И я, наконец, вспоминаю, что можно дышать. Дышу, стараясь делать это незаметно и не показывать, что голова кружится от стресса и недостатка кислорода.
Тут же сажусь на кровати, провожу ладонями по волосам, убирая их назад. И опять замираю, ловя прямой тяжелый взгляд Хазарова на груди, которую облепила мокрая футболка. Черт! Забыла совершенно про нее!
Сдерживаю порыв опять спрятаться, закрыться, потому что очень уж интенсивно смотрит, не случись только что неоднозначная сцена, решила бы, что все же Хазаров мной заинтересован в постельном плане.
Но его недавние действия говорят об обратном, потому просто выразительно гляжу на него с ожиданием.
Выйди уже, наконец, дай мне дышать нормально!
Хазаров переводит взгляд на мое холодное мокрое лицо, моргает в легком недоумении, словно сам от себя не ожидал такого…
Кивает и идет к двери.
Я провожаю его напряженно, не торопясь подниматься, ожидая, пока хлопнет дверь, чтоб ее закрыть на замок и оказаться, наконец, в одиночестве… И, может, в подушку поорать от стресса…
Но на пороге Хазаров поворачивается и спокойно говорит:
— Сегодня поедем в одно место.
Эм-м-м… Что, блин? Это вопрос? Предложение? Приказ? Судя по тону, последнее…
— Куда? — хотя, наверно, надо бы другой вопрос задать, но уж что в голову приходит…

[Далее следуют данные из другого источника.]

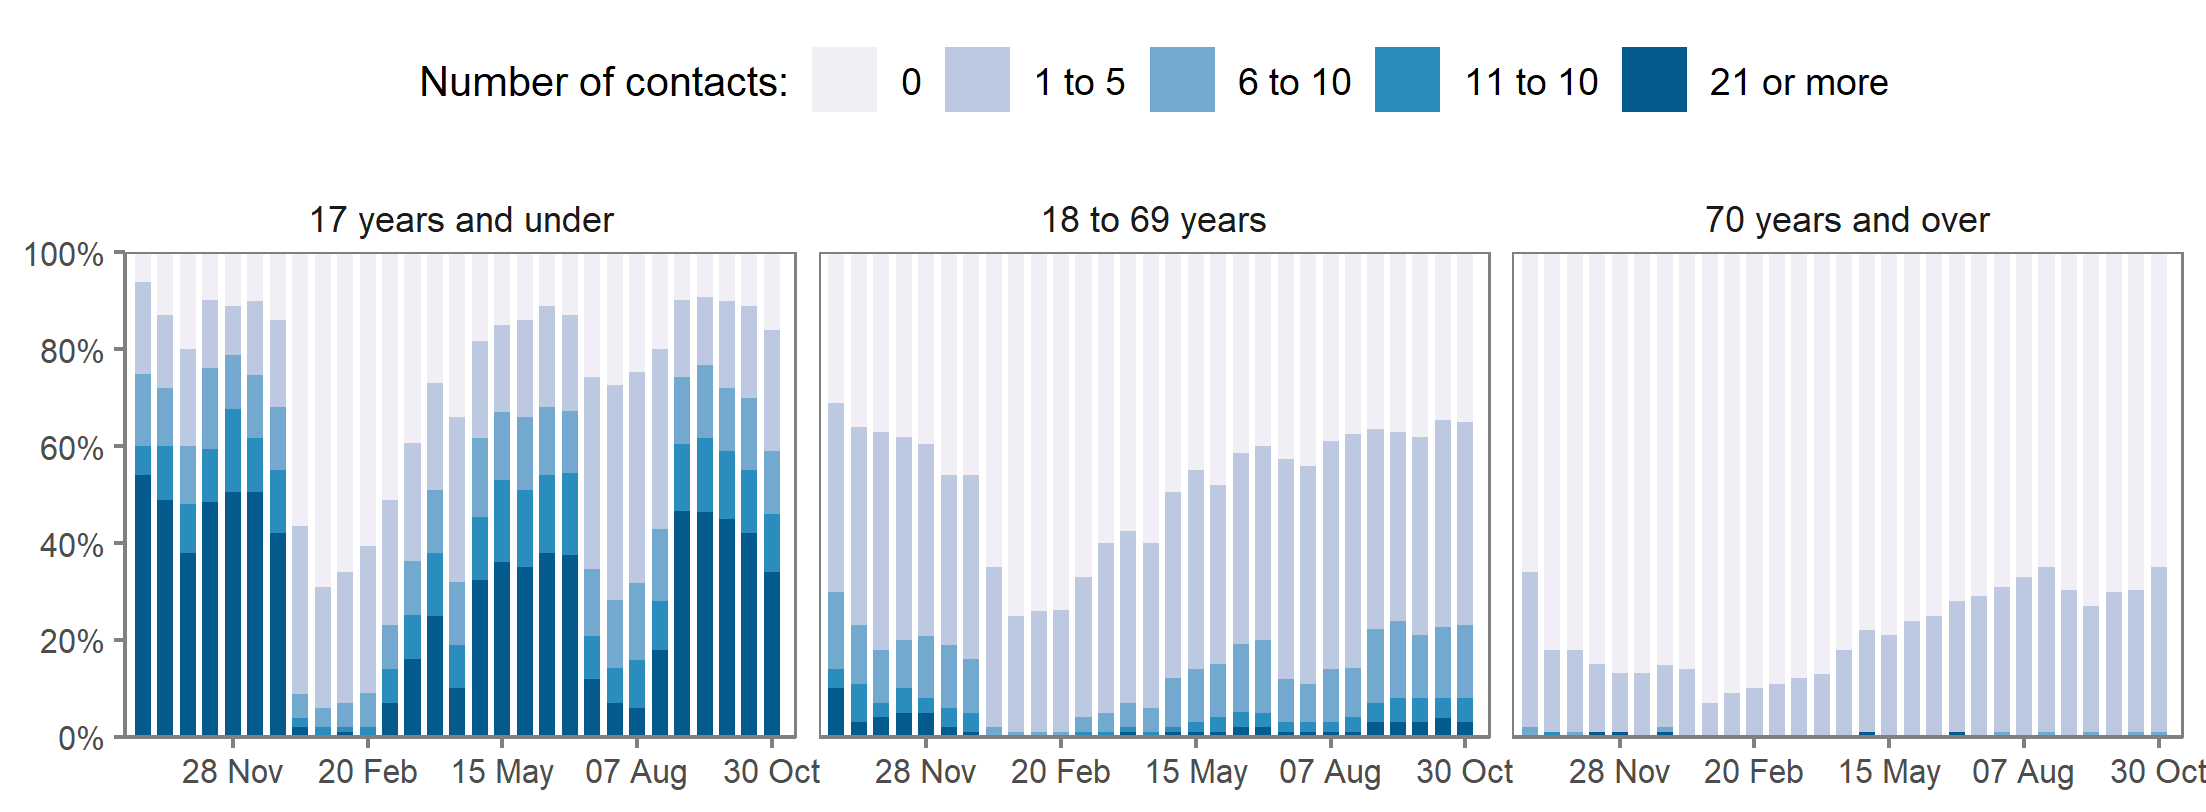 The proportions of school-age children reporting each category of number of physical contacts (0, 1 to 5, 6 to 10, 11 to 20, and 21 or more contacts) is shown in Figure 1.  Children appear to have consistently had more physical contacts with those under 18 than with those aged 18-69 or over 70s.  Each bar represents one two-week period, denoted by the end date of that period. For example, 30 October 2021 denotes the estimate relating to 17 October to 30 October 2021.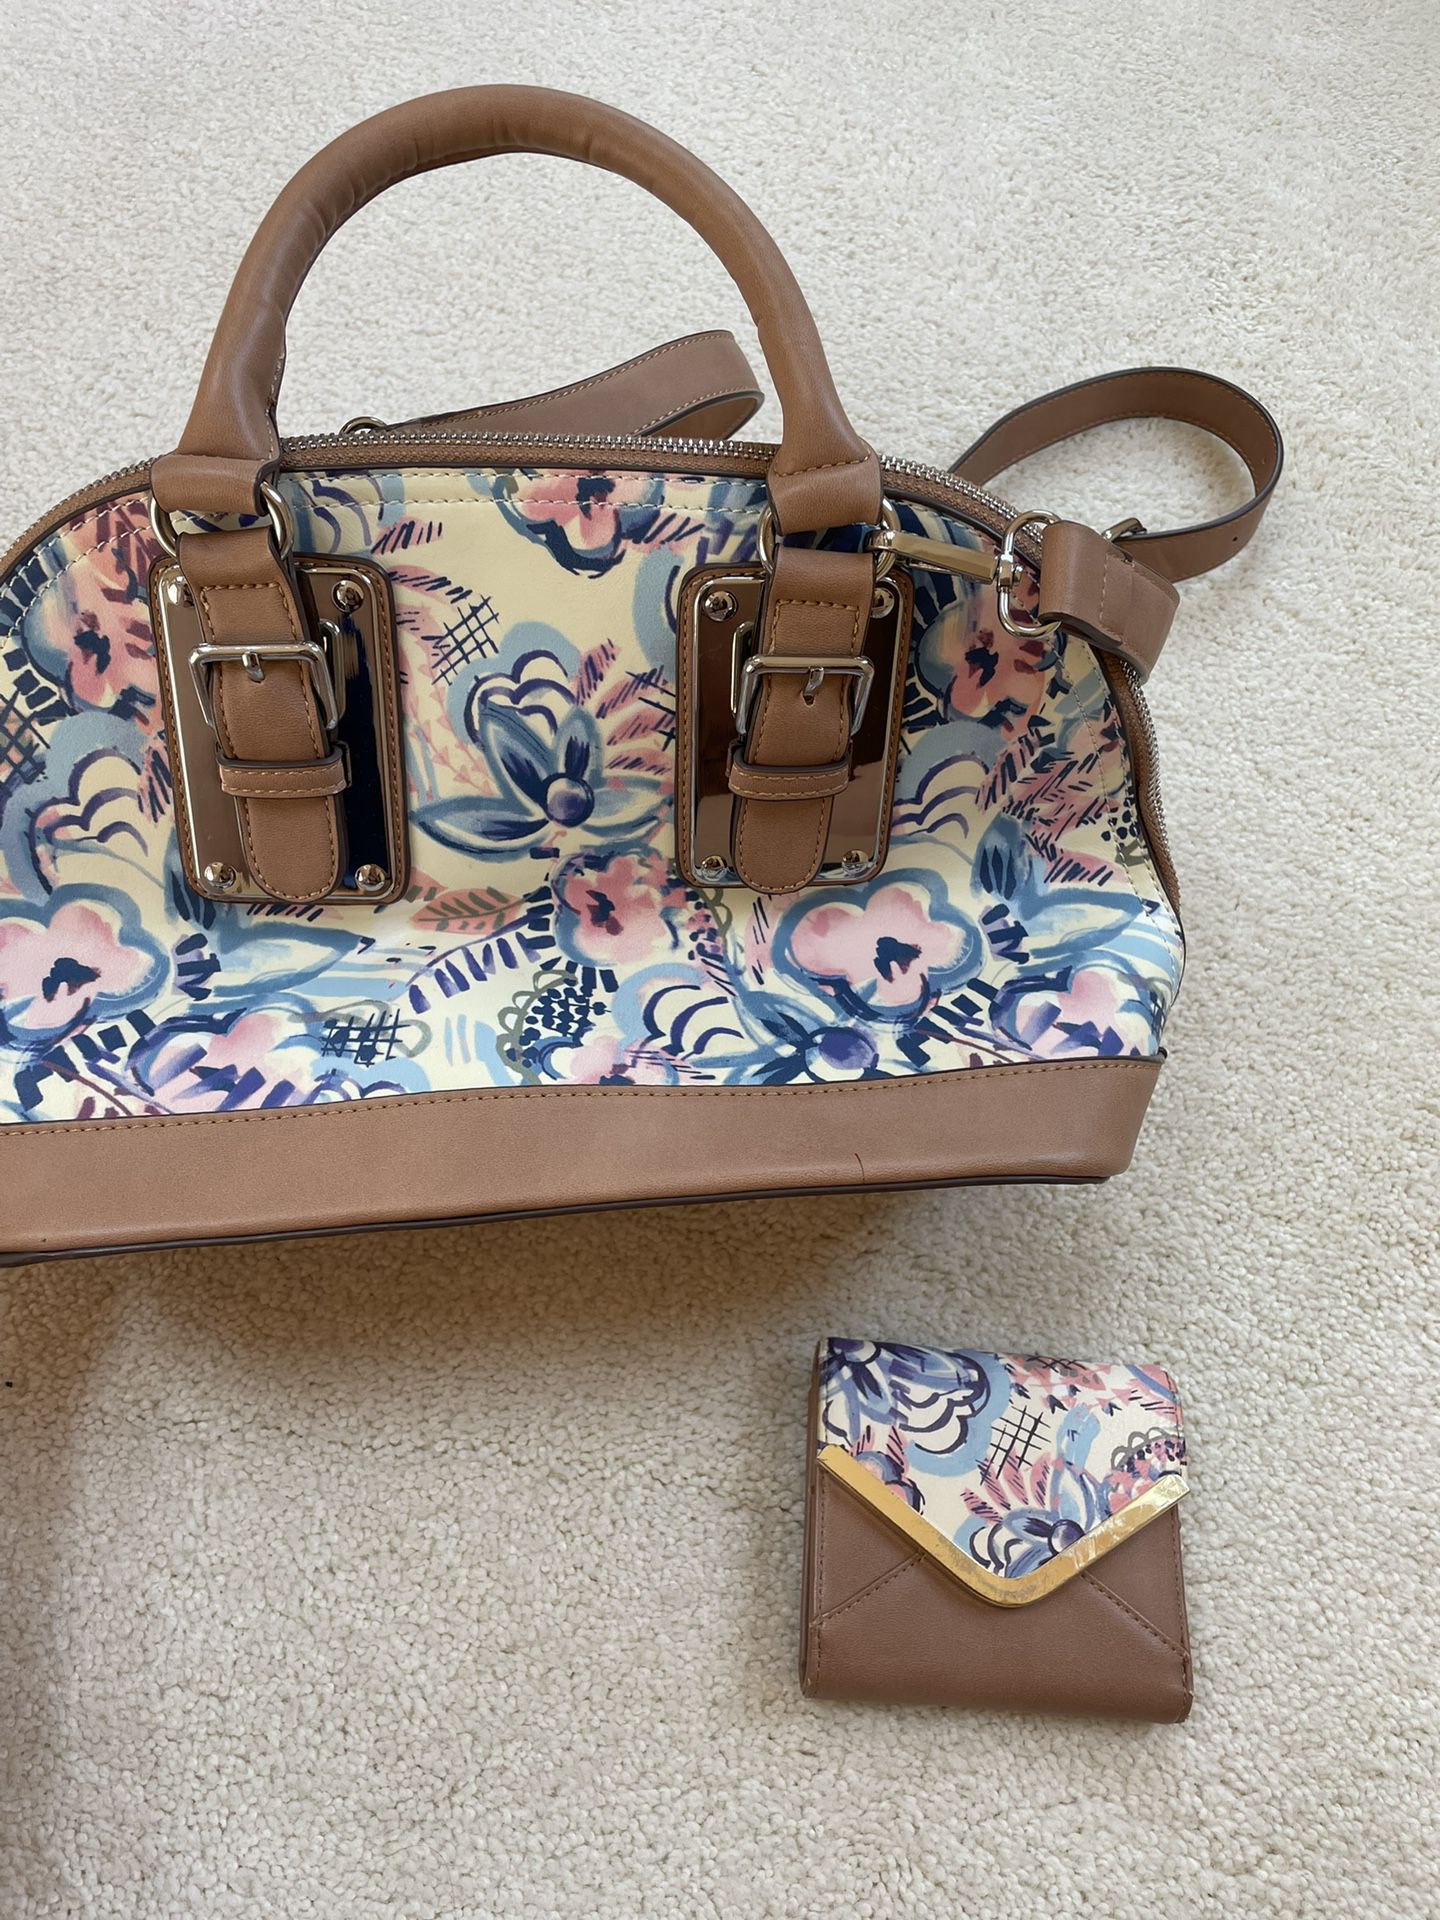 Purse And Wallet Charming Charlie Floral Satchel Crossbody Bag And Matching Wallet 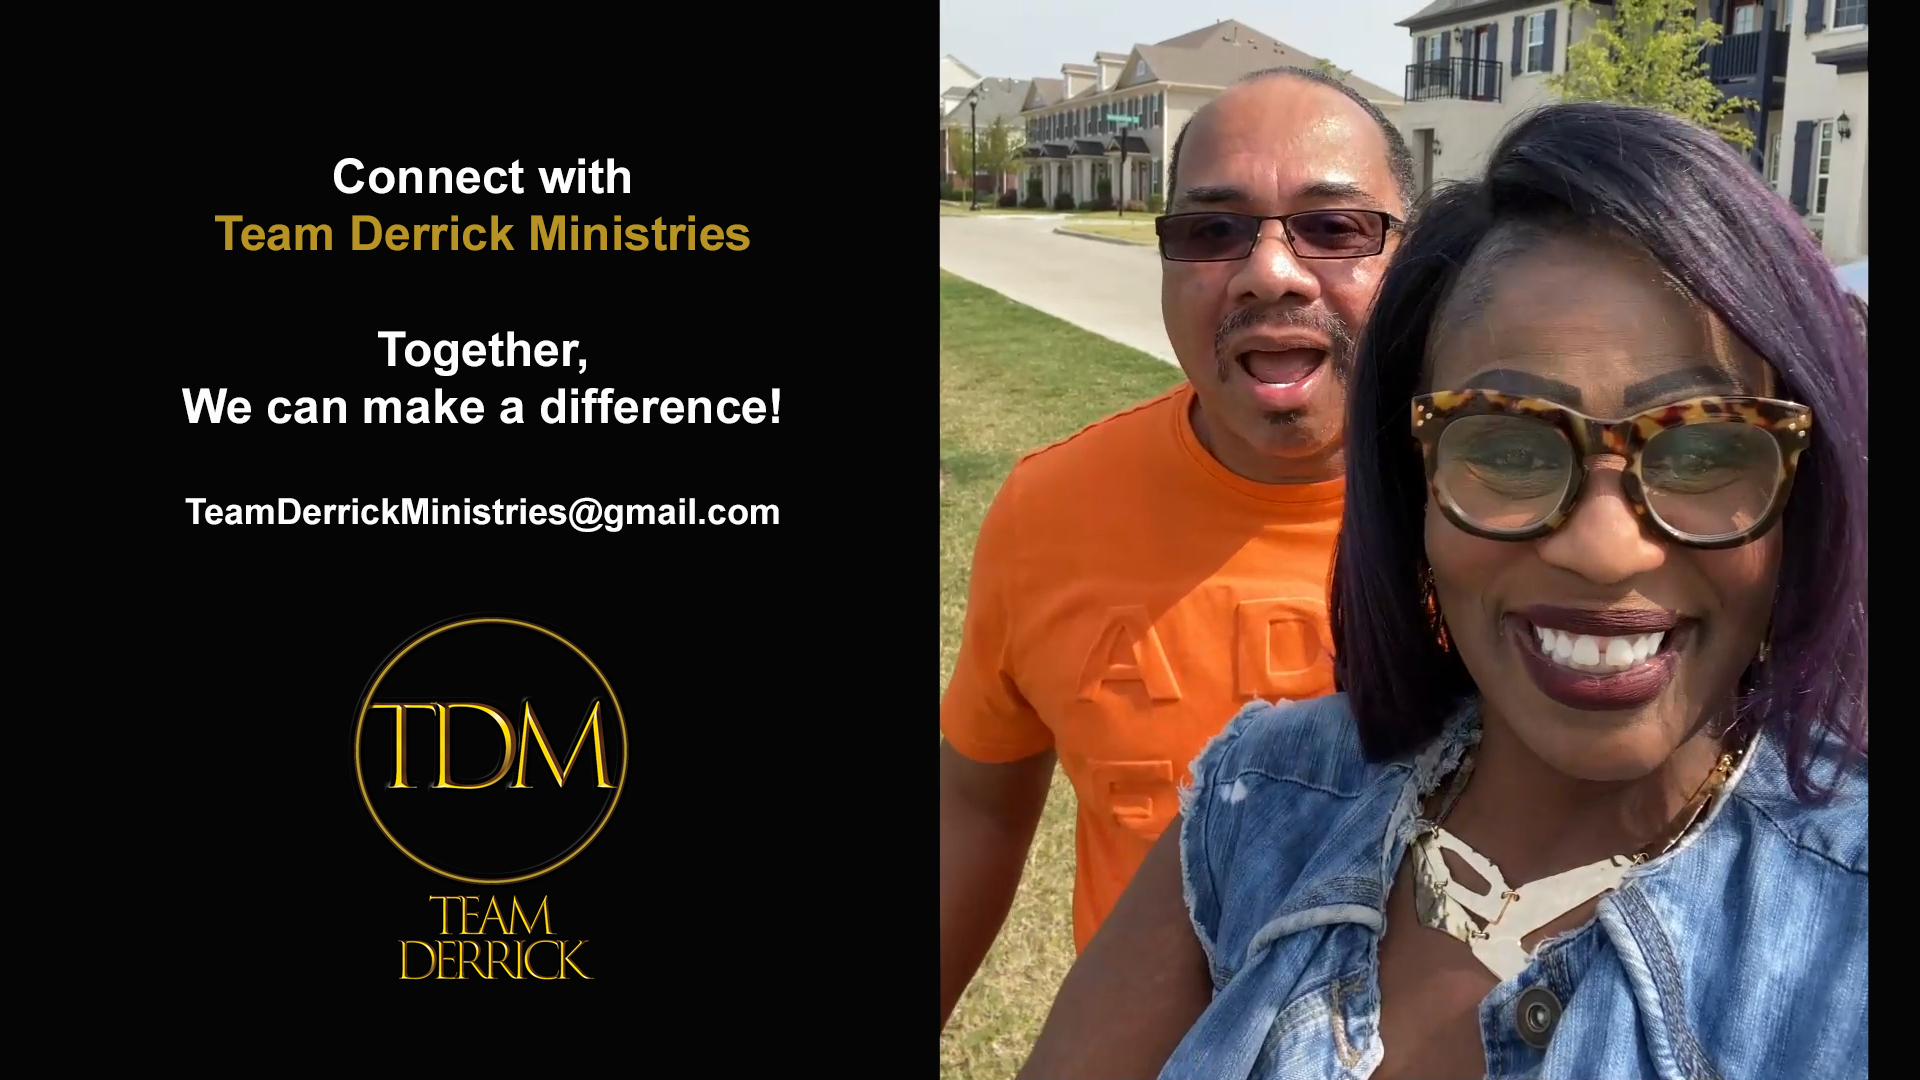 Connect & Partner with Team Derrick

— На открытие загородного клуба.
— А… Я там каким боком? — вот сейчас реально удивление.
Хазаров разворачивается обратно к двери, судя по всему, не собираясь отвечать на глупые вопросы.
— Подождите, — торопливо торможу его, — но… Мне даже одеть нечего…
И замолкаю, опять удивляясь заданному вопросу. Какого фига, Аня? Реально собираешься подчиняться? Идти куда-то? В этой ситуации? Когда тебе никто ничего не планирует объяснять?
Хазаров поворачивается, опять скользит по мне внимательным взглядом, затем коротко отвечает:
— Тебе принесут.
И выходит за дверь, оставляя меня в шоке и недоумении.
Это что сейчас, усмешка в голосе была, что ли?
Глава 43
— Тебе не идет, — Ванька обходит меня по кругу, напряженно и ревниво оглядывает, поджимает губы, — вообще.
Я смотрю на себя в зеркало и мысленно соглашаюсь: определенно, не идет. Платье это… Кто его выбирал? Не сам же Хазаров?
На мгновение представляю, как мрачный хозяин дома едет в магазин и там изучает женскую одежду… И губы сами собой разъезжаются в усмешке.
Кстати, усмешка эта, больше похожая на гримасу, тоже не красит и без того напряженное, хмурое лицо.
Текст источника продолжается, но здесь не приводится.